Apparently in order to improve his tactical position, defendant Hagan sought to purchase creditors' claims and shares in another corporation for which plaintiff acted as attorney, known as Benedict Heights, Inc. Hagan, acting through defendant Farrington, an employee, purchased a claim against the bankrupt corporation and then filed a creditor's petition in the bankruptcy proceeding seeking to remove plaintiff as attorney for the trustee. Defendants Hagan, Hamilton and Farrington acquired shares of stock in Benedict Heights, Inc., and thereafter various proceedings were instituted by them seeking to compel transfers of stock certificates and to obtain orders for the inspection of the books and records of said corporation. Appeals resulted from a number of these proceedings, including Hagan v. Gardner, 283 F.2d 643; Hagan v. Fairfield, 183 Cal.

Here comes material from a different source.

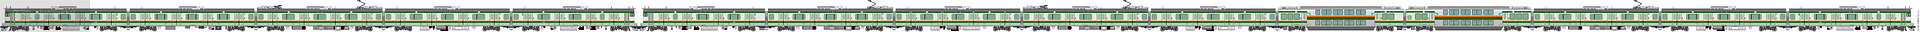 Train 1953

App. 2d 703 [7 Cal. Rptr. 248]; Farrington v. Fairfield, 194 Cal. App. 2d 237 [16 Cal. Rptr. 119]; and Hagan v. Superior Court, 53 Cal. 2d 498 [2 Cal. Rptr. 288, 348 P.2d 896].

This court has no intention of being drawn into an unnecessary recital of the history of this prolonged and vexatious litigation beyond the point required in order to pass upon the issues presently before us. We feel that the summary of the [206 Cal. App. 2d 600] proceedings involved in the history of the present action as above set forth is sufficient for this purpose.

It was against this inflamed background that defendant Hagan wrote letters to the creditors of the bankrupt corporation on July 9, 1957, and on July 15, 1957, wherein he charged plaintiff with mishandling the real property sale described above, and further charged that plaintiff had performed numerous legal services that were unnecessary and made statements from which it might be inferred that this was for the purpose of enlarging his fees.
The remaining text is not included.